When you spot the word "голубая" in a line of the data below, copy that line.
(Beginning of Information shown)
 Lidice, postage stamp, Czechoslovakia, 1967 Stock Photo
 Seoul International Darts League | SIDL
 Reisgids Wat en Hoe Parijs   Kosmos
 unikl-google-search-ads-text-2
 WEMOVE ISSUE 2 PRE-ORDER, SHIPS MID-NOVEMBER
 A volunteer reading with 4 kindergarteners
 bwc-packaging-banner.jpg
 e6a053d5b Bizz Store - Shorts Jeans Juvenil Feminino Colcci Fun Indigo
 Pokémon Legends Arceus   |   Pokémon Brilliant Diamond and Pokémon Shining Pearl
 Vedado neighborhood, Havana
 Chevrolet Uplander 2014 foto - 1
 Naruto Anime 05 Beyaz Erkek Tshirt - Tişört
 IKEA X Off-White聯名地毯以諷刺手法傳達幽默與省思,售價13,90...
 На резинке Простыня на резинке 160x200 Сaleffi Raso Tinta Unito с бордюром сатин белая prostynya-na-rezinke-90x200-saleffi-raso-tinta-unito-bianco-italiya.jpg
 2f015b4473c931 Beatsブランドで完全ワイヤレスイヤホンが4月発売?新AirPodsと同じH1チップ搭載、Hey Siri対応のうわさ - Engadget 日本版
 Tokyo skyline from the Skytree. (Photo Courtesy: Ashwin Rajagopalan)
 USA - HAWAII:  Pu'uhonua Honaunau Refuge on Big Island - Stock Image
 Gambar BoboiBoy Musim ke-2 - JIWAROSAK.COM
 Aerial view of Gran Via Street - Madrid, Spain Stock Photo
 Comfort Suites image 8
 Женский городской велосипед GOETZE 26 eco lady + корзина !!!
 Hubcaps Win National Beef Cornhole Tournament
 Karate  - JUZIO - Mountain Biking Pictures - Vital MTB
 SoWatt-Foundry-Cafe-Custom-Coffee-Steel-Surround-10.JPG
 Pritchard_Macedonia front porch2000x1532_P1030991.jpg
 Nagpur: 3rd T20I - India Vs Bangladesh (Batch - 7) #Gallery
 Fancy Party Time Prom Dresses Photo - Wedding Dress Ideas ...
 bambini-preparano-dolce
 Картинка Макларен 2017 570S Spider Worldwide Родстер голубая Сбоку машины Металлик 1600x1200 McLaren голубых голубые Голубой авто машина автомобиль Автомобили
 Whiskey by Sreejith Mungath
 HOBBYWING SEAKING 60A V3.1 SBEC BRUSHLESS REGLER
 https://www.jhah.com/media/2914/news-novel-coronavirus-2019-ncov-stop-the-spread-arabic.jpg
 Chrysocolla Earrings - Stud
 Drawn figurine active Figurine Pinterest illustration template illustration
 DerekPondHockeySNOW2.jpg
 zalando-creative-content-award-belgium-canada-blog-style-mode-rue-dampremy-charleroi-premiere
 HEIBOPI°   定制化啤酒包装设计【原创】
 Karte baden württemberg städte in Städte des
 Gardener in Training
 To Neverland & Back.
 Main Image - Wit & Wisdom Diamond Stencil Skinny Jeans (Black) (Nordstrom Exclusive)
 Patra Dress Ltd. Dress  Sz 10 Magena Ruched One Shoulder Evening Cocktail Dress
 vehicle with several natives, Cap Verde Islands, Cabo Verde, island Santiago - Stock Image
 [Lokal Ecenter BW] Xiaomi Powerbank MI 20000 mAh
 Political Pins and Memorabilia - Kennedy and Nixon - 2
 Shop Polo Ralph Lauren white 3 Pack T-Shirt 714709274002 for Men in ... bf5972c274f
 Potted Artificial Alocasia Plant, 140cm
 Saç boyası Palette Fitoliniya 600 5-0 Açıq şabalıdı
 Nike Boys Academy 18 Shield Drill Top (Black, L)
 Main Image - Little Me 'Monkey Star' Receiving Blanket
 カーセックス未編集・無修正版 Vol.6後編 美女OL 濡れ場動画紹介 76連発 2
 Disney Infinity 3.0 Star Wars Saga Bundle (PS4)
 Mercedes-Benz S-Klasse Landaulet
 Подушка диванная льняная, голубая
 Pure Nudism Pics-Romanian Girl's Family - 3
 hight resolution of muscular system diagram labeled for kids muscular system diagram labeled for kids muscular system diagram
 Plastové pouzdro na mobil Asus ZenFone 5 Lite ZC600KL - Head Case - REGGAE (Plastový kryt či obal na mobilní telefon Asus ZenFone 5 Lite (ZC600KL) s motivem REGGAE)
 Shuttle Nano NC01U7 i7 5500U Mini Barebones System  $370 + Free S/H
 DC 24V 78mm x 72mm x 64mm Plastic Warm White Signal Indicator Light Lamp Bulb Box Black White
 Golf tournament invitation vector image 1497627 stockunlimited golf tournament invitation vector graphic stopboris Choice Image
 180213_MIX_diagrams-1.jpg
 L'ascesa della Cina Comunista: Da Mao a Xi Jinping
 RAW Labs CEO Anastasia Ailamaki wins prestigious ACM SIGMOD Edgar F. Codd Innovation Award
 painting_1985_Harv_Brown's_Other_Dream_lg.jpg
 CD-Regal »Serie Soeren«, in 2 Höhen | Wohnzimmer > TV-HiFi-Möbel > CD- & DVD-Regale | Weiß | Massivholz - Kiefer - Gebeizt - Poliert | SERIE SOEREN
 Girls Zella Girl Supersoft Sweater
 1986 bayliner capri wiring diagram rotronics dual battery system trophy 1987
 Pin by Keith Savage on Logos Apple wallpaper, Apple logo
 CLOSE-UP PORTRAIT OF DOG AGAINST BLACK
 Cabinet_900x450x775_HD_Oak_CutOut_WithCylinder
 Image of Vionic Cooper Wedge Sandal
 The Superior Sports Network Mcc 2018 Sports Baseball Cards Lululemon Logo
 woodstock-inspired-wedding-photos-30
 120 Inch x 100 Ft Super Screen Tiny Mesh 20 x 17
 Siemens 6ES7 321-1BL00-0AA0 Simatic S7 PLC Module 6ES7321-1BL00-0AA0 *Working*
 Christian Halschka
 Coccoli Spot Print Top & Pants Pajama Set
(End of Information shown)
* Exercise result:
 Картинка Макларен 2017 570S Spider Worldwide Родстер голубая Сбоку машины Металлик 1600x1200 McLaren голубых голубые Голубой авто машина автомобиль Автомобили
 Подушка диванная льняная, голубая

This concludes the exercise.